Esta línea de pensamiento arranca de un diagnóstico crítico respecto de las llamadas “tecnologías apropiadas”, las que presentarían una serie de restricciones, tales que no parecen una respuesta adecuada a los desafíos planteados: concebidas como intervenciones paliativas, destinadas a usuarios con escasos niveles educativos, acaban generando dinámicas top-down (“paternalistas”). Así, por un lado, privilegian el empleo de conocimiento experto, ajeno a los usuarios-beneficiarios, y por otro subutilizan el conocimiento tecnológico local (tácito y codificado) históricamente acumulado (Thomas y Fressoli, 2008, Universidad de Quilmes).

Se entiende como tecnologías sociales aquellas que comprenden productos, técnicas y/o metodologías reaplicables, desarrolladas en interacción con la comunidad y que representan soluciones efectivas de transformación social. La idea básica que subyace a este concepto es que los científicos y los tecnólogos, al interactuar cercanamente con comunidades y empresas en su localidad pueden desarrollar en conjunto con dichas comunidades, soluciones tecnológicas efectivas para sus desafíos específicos, que aprovechen simultáneamente los saberes populares y la ciencia de frontera. El concepto de “reaplicabilidad” es esencial a esta noción, y se contrapone al de “replicabilidad”, en cuanto este último supondría una repetición estándar de soluciones tecnológicas a distintas realidades socio-culturales, mientras que una tecnología es “reaplicable” cuando es tomada y transformada por la comunidad local, adaptándola a sus especificidades locales.

Si bien en su origen las tecnologías sociales fueron concebidas como estrategias que apuntaban a resolver condiciones puntuales de pobreza en comunidades más o menos periféricas, es posible sostener que las acciones públicas que favorecen la inclusión social a través de este tipo de tecnologías pueden ser plenamente coherentes con una estrategia nacional de desarrollo y con las políticas públicas de ciencia y tecnología (y pueden modificarlas).

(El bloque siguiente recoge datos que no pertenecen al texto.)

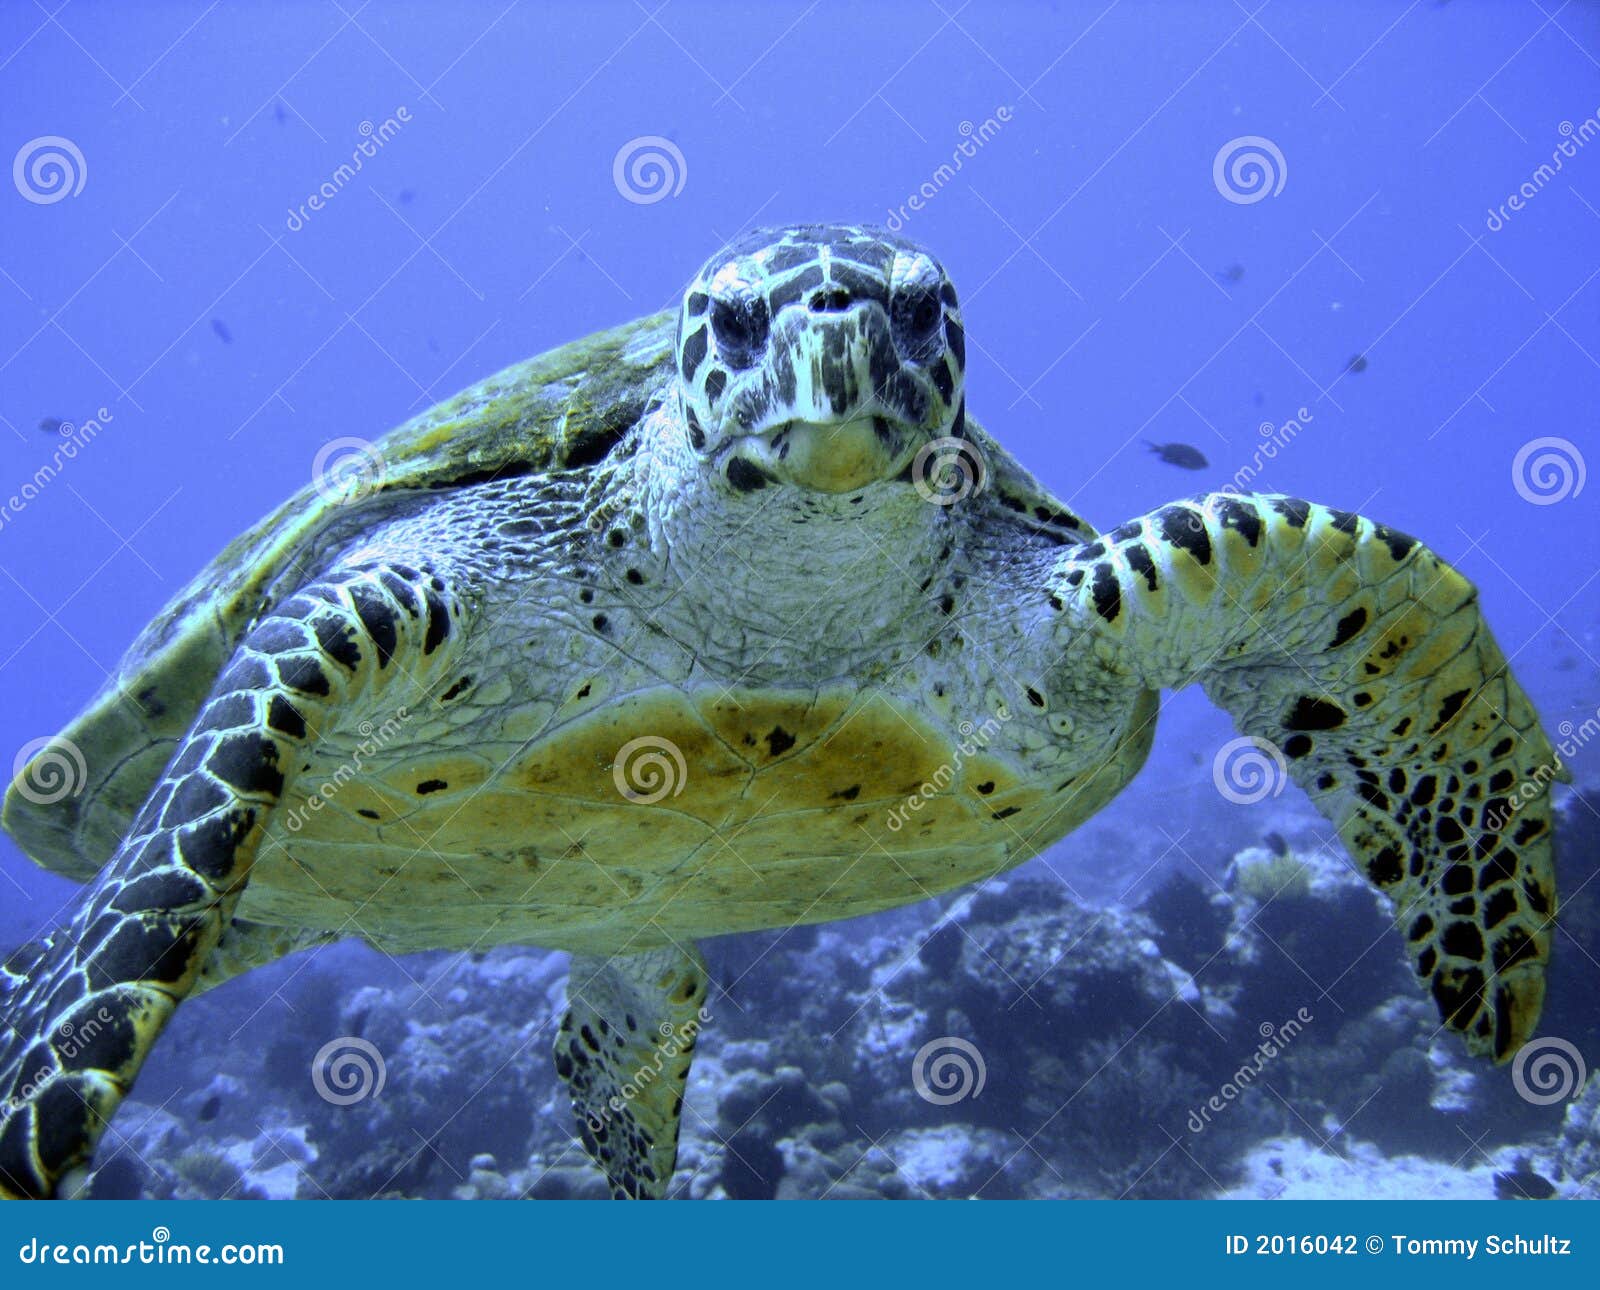 curious hawksbill sea turtle (endangered)

Para ello, sin embargo, es necesario establecer la inclusión social como un objetivo explícito de las políticas de ciencia y tecnología.

En consonancia con lo anterior, Thomas y Fressoli sostienen que es tan necesario como ineludible revisar las conceptualizaciones sobre tecnologías sociales disponibles, abandonando su concepción original como recursos paliativos de situaciones de pobreza y exclusión, para pasar a concebirlas como sistemas tecnológicos orientados a la generación de dinámicas de inclusión, vía la resolución de problemas sociales y ambientales.

Esta rápida presentación de esta construcción conceptual pero también política de las tecnologías sociales, que complementan la noción, más conocida en nuestro medio, de innovación social, tiene como propósito fundamental afirmar que el incremento de las desigualdades como efecto de las políticas de fomento a la innovación no es una fatalidad, a condición de que estas políticas contengan explícitamente un propósito de inclusión social.